Problem description: Please retype the data in full and exactly; the pictures are not part of the copy.

***** Collected data *****

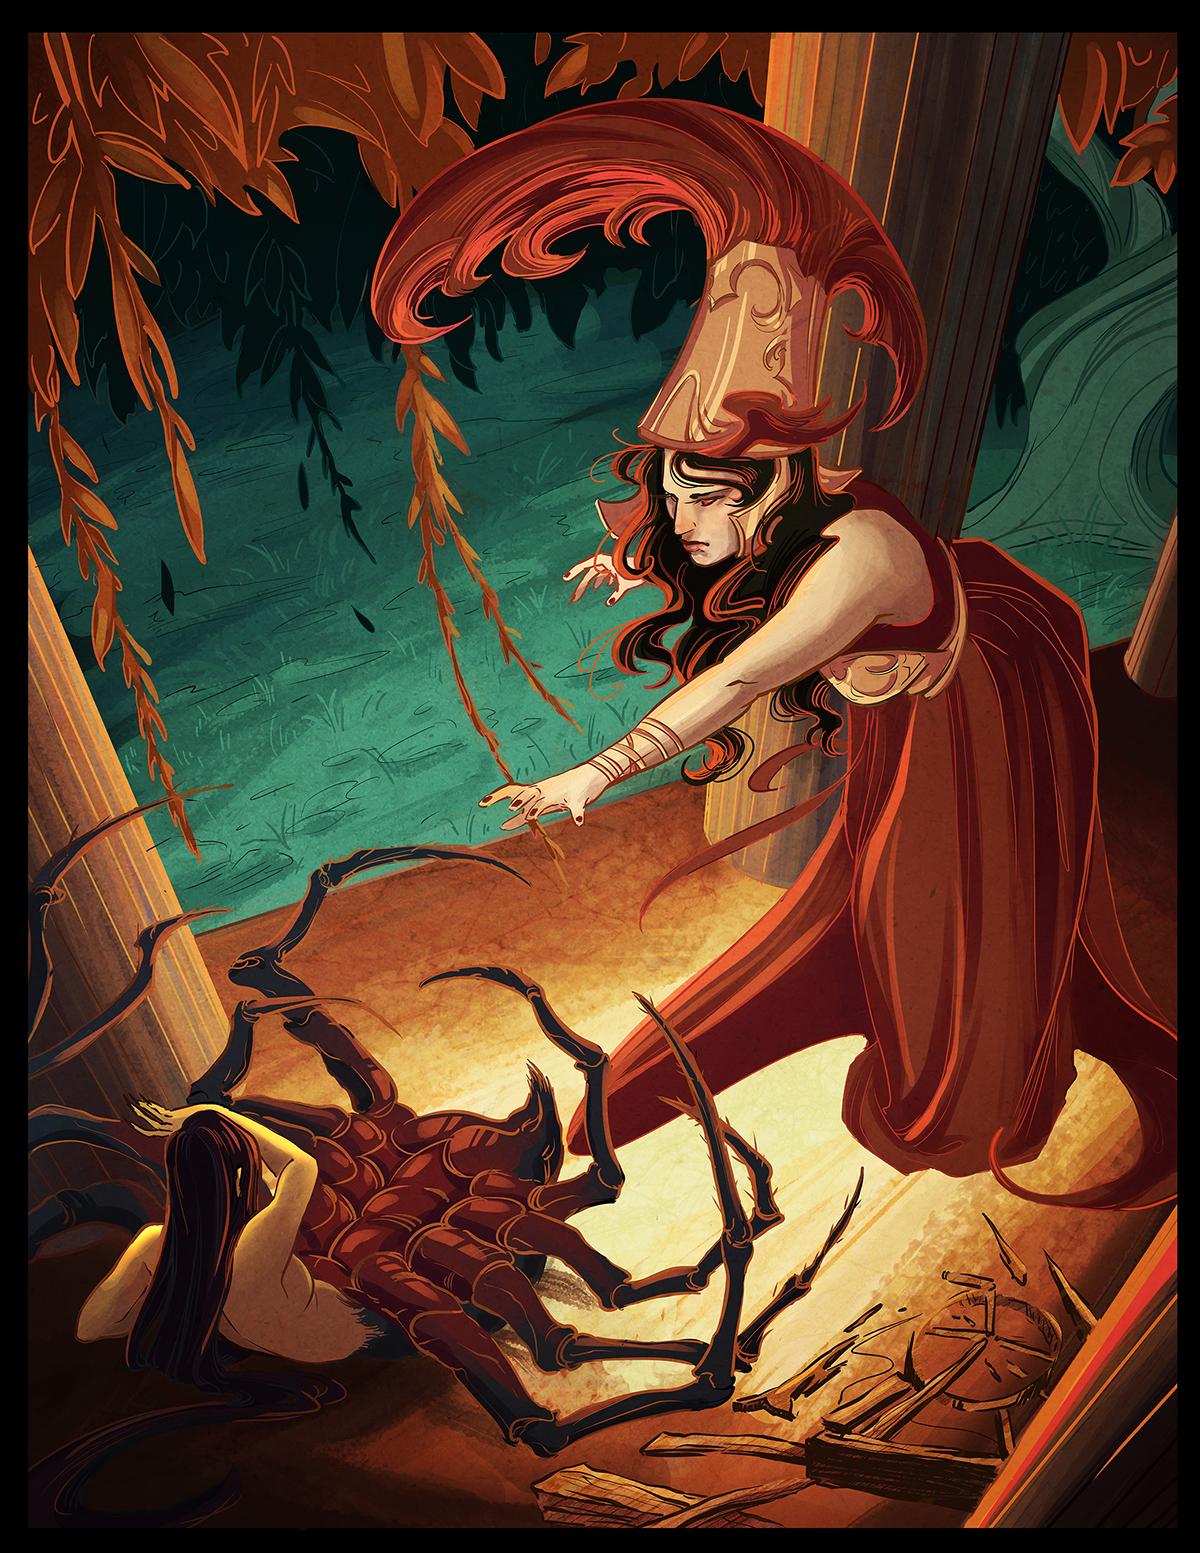 Athena and Arachne on Behance
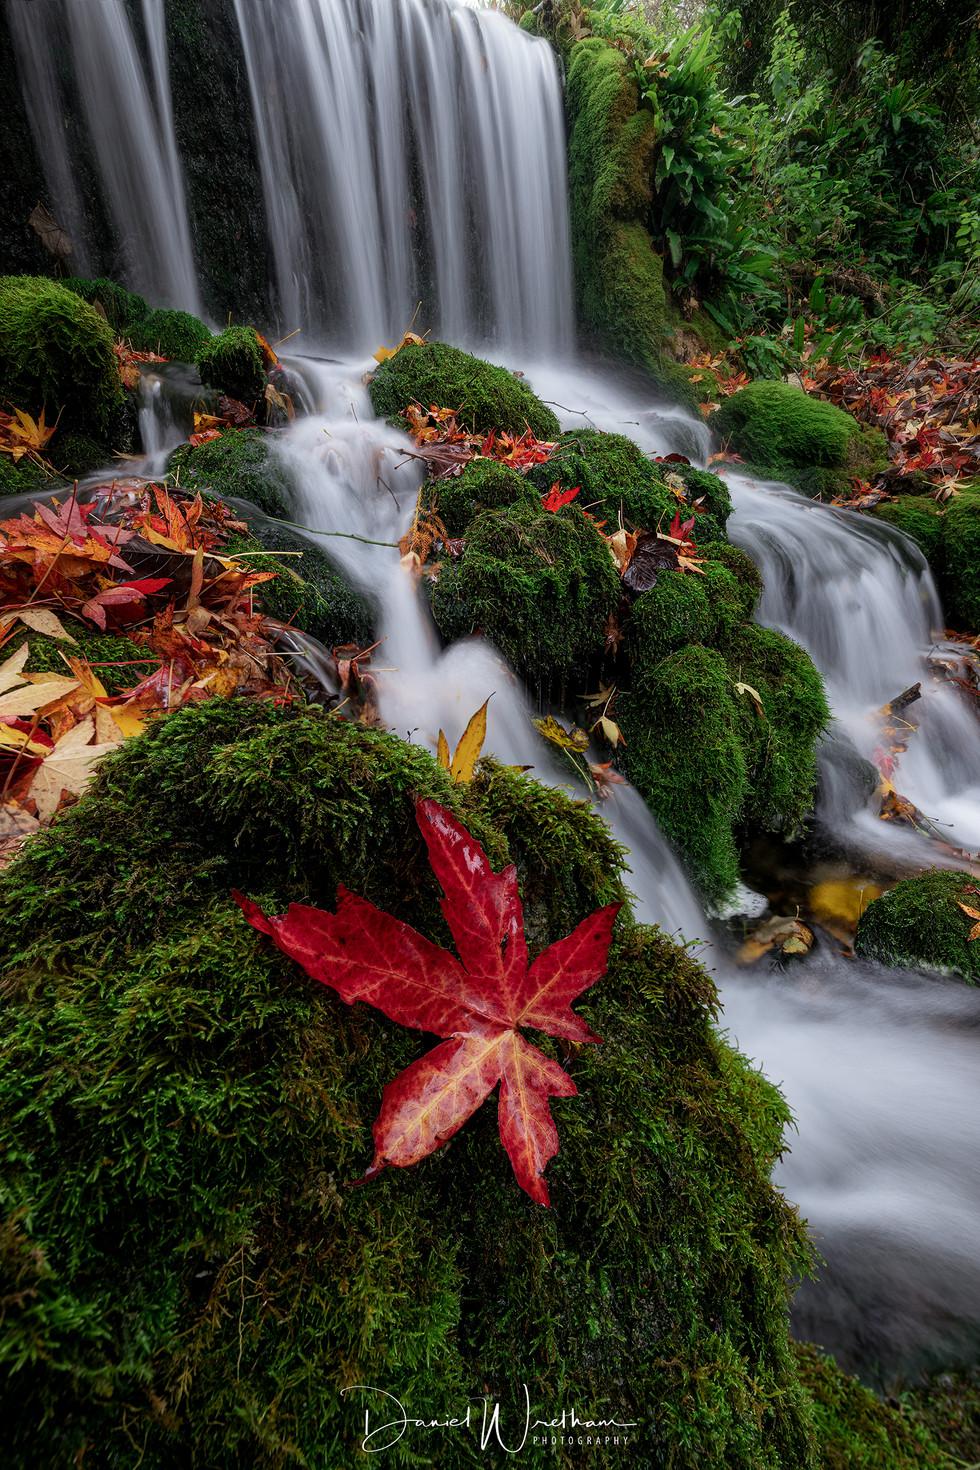 Autumn at Littlebredy
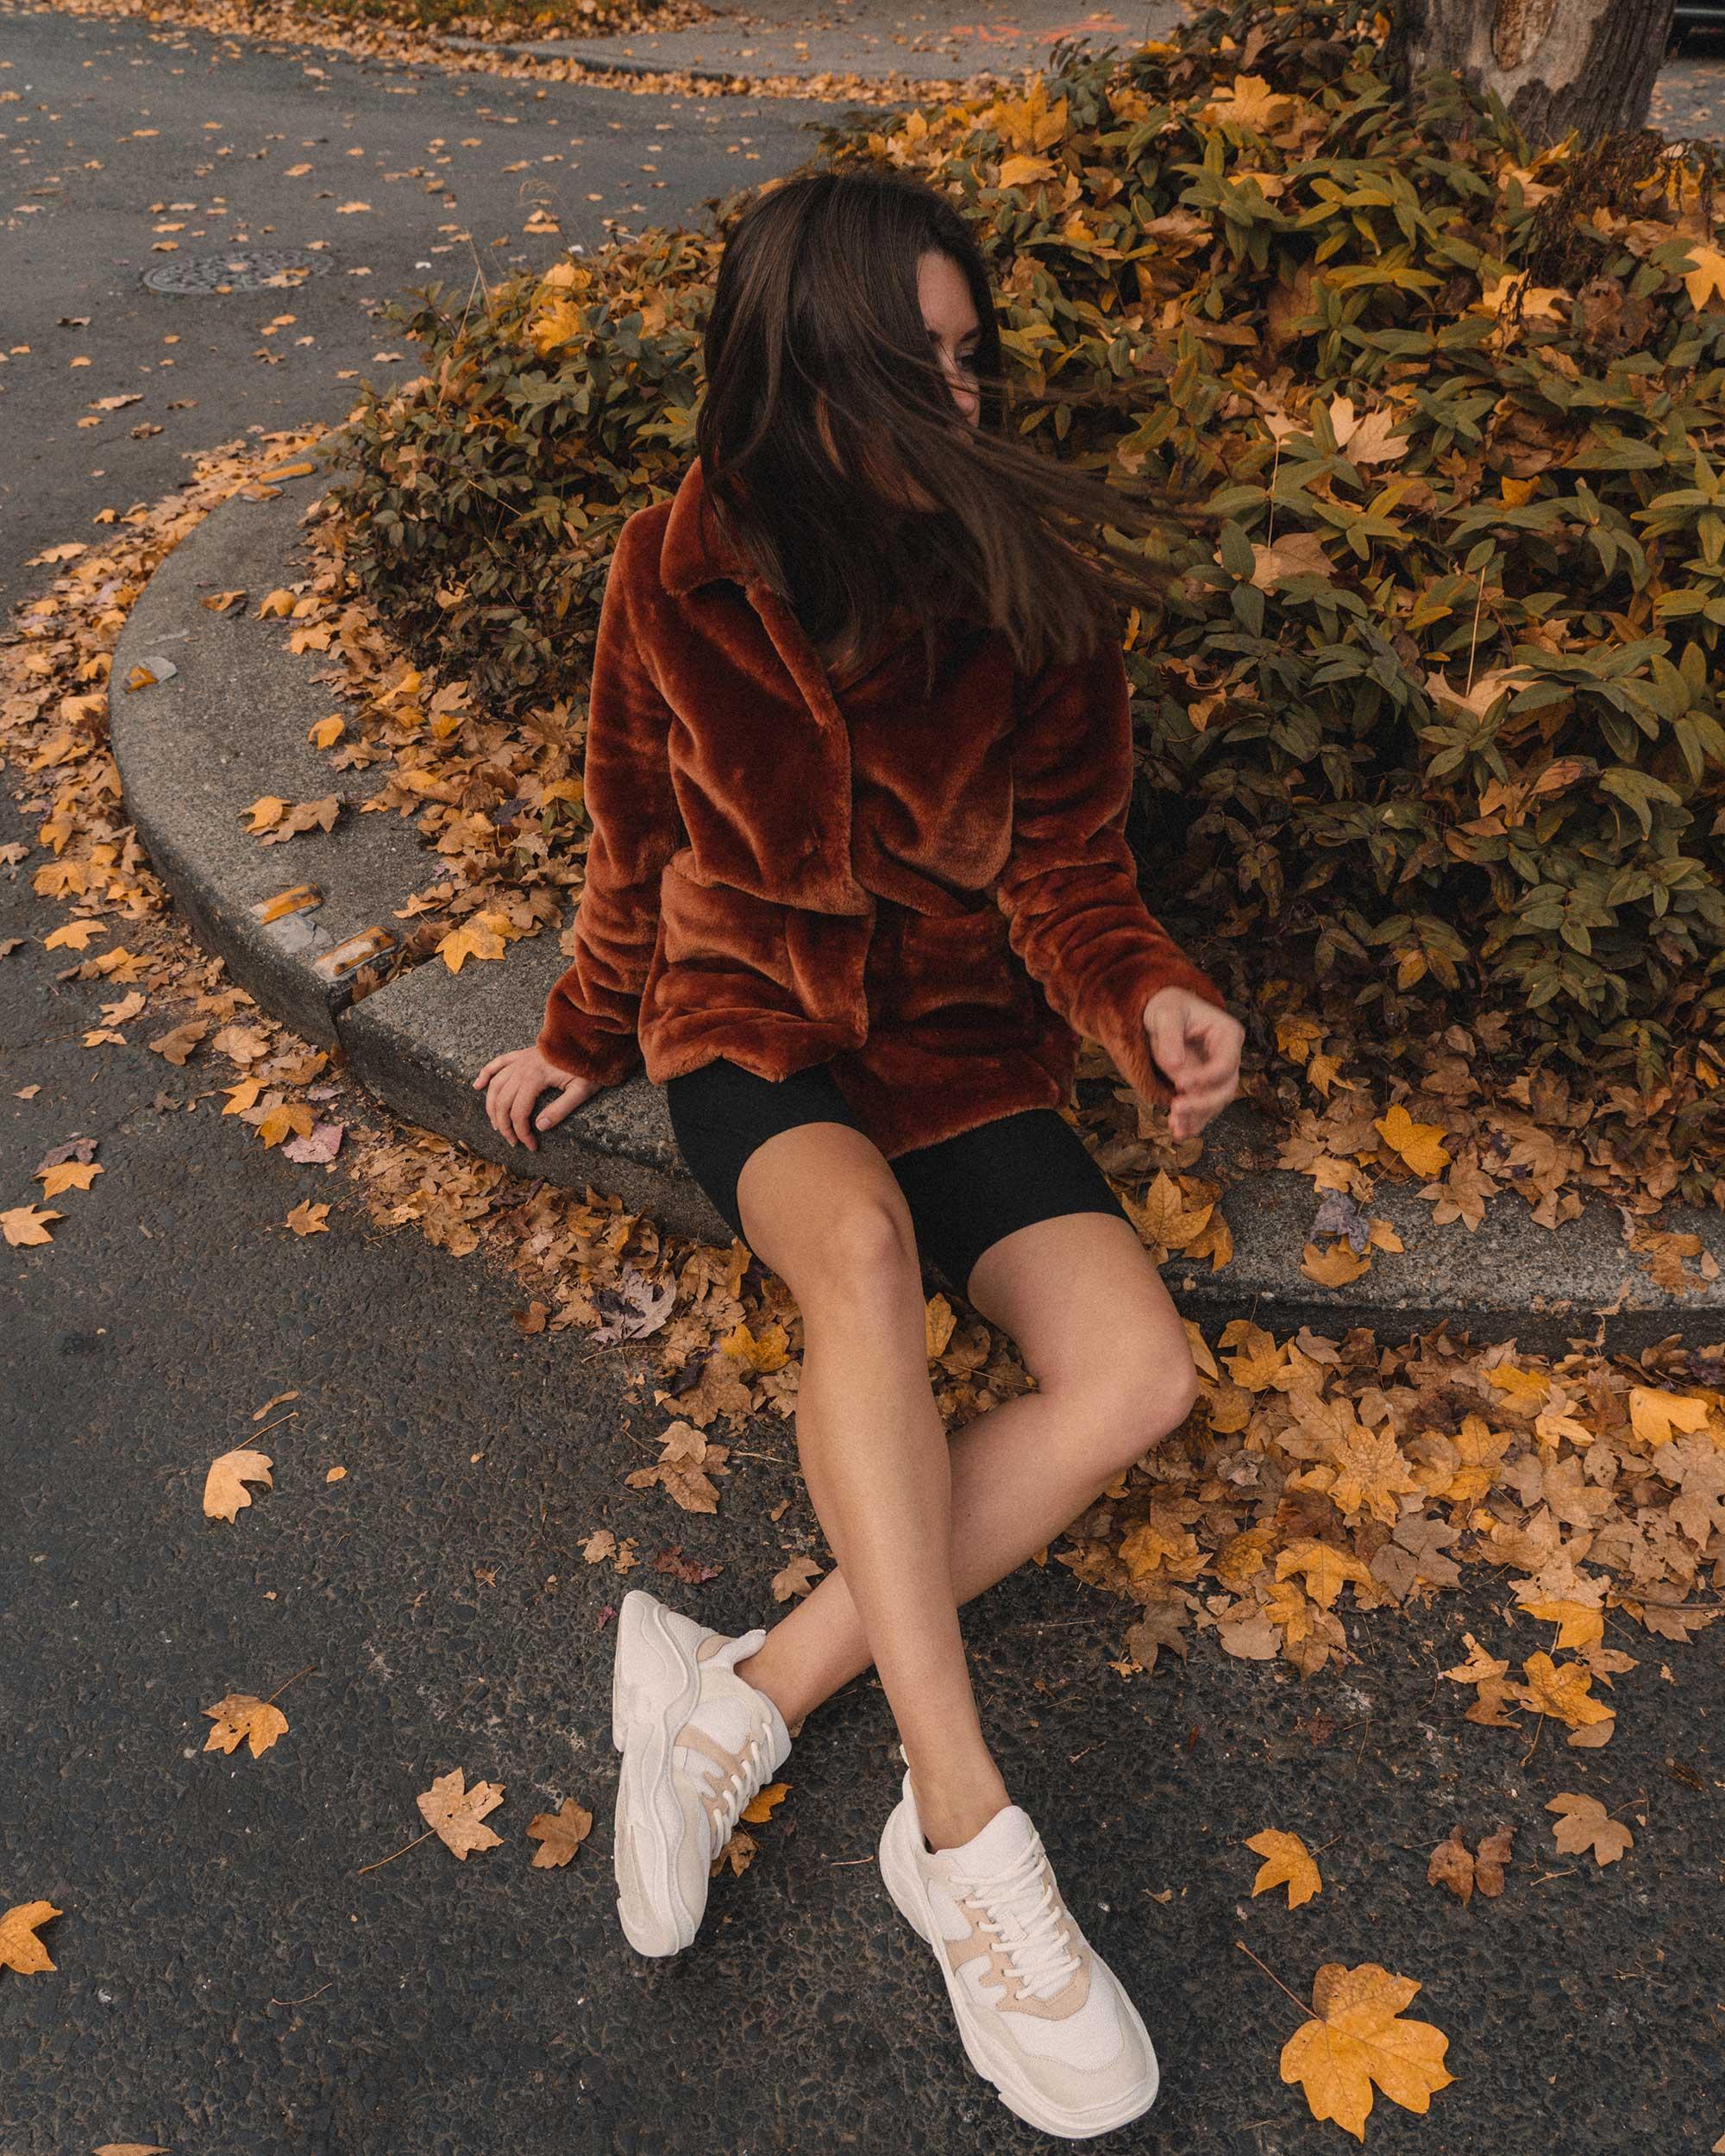 Rebecca Taylor FAUX FUR COAT in rust, fall outfit, Schutz Shoes Jackye Chunky Sneaker1.jpg

*****

Solution to this problem:
 Athena and Arachne on Behance
 Autumn at Littlebredy
 Rebecca Taylor FAUX FUR COAT in rust, fall outfit, Schutz Shoes Jackye Chunky Sneaker1.jpg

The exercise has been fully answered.